• WORK REQUEST:
Within the material below, locate the line with "Canyon Shooting 2" and the line with "Ohrensessel - Höffner", then return those two lines and all lines between them, exactly as written.

• PROVIDED DATA:
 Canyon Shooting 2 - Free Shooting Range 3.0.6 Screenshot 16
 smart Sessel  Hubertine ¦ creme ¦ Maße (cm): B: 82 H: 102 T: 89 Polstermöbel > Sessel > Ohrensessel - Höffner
---
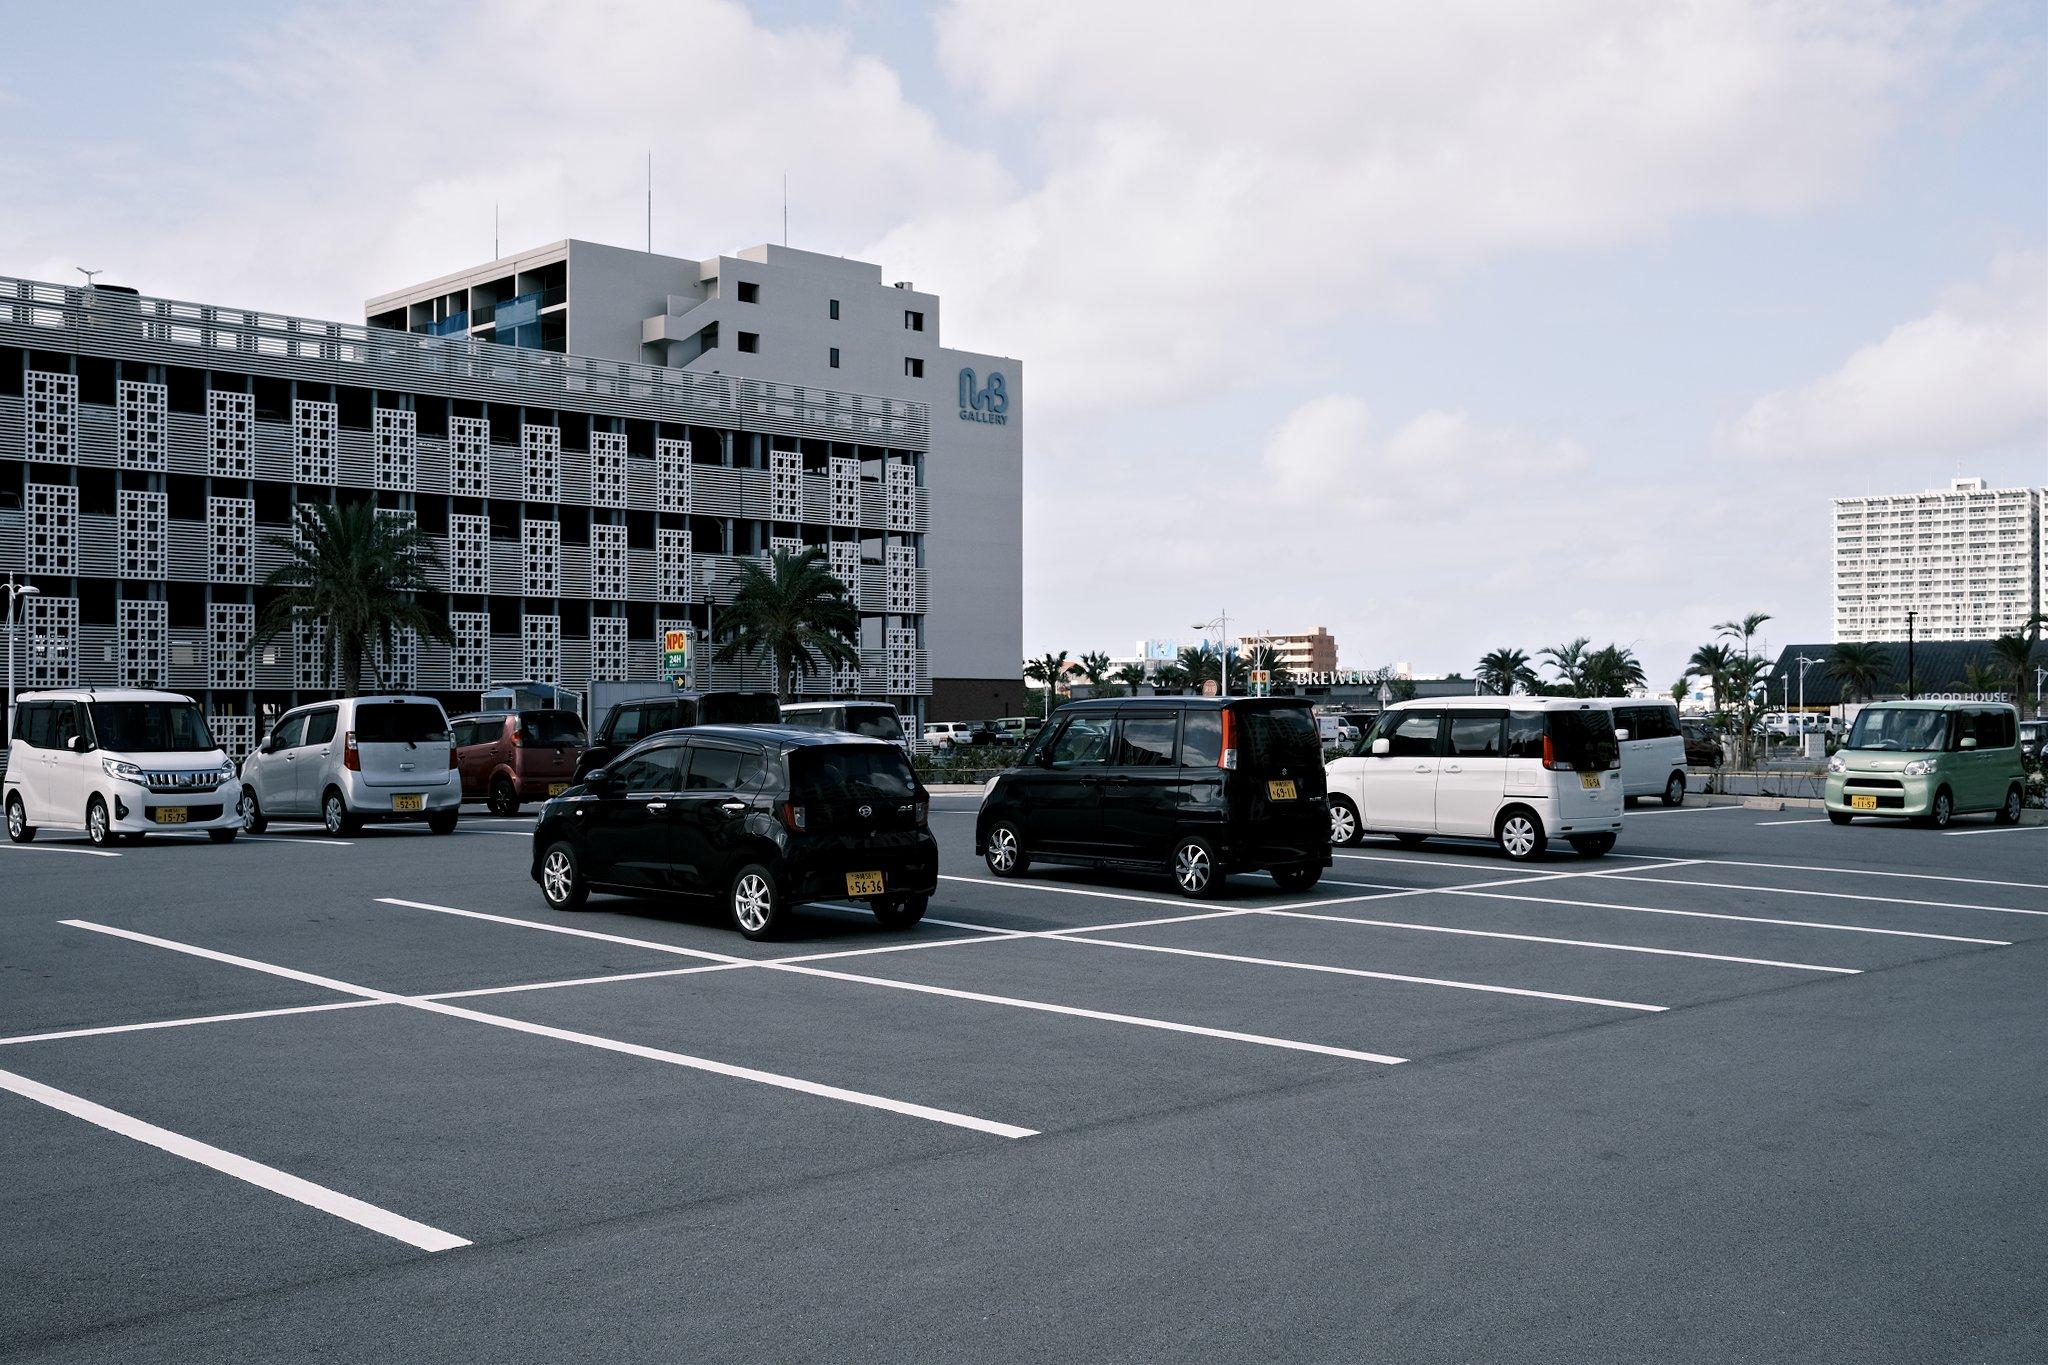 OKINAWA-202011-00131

• TASK OUTPUT:
 Canyon Shooting 2 - Free Shooting Range 3.0.6 Screenshot 16
 smart Sessel  Hubertine ¦ creme ¦ Maße (cm): B: 82 H: 102 T: 89 Polstermöbel > Sessel > Ohrensessel - Höffner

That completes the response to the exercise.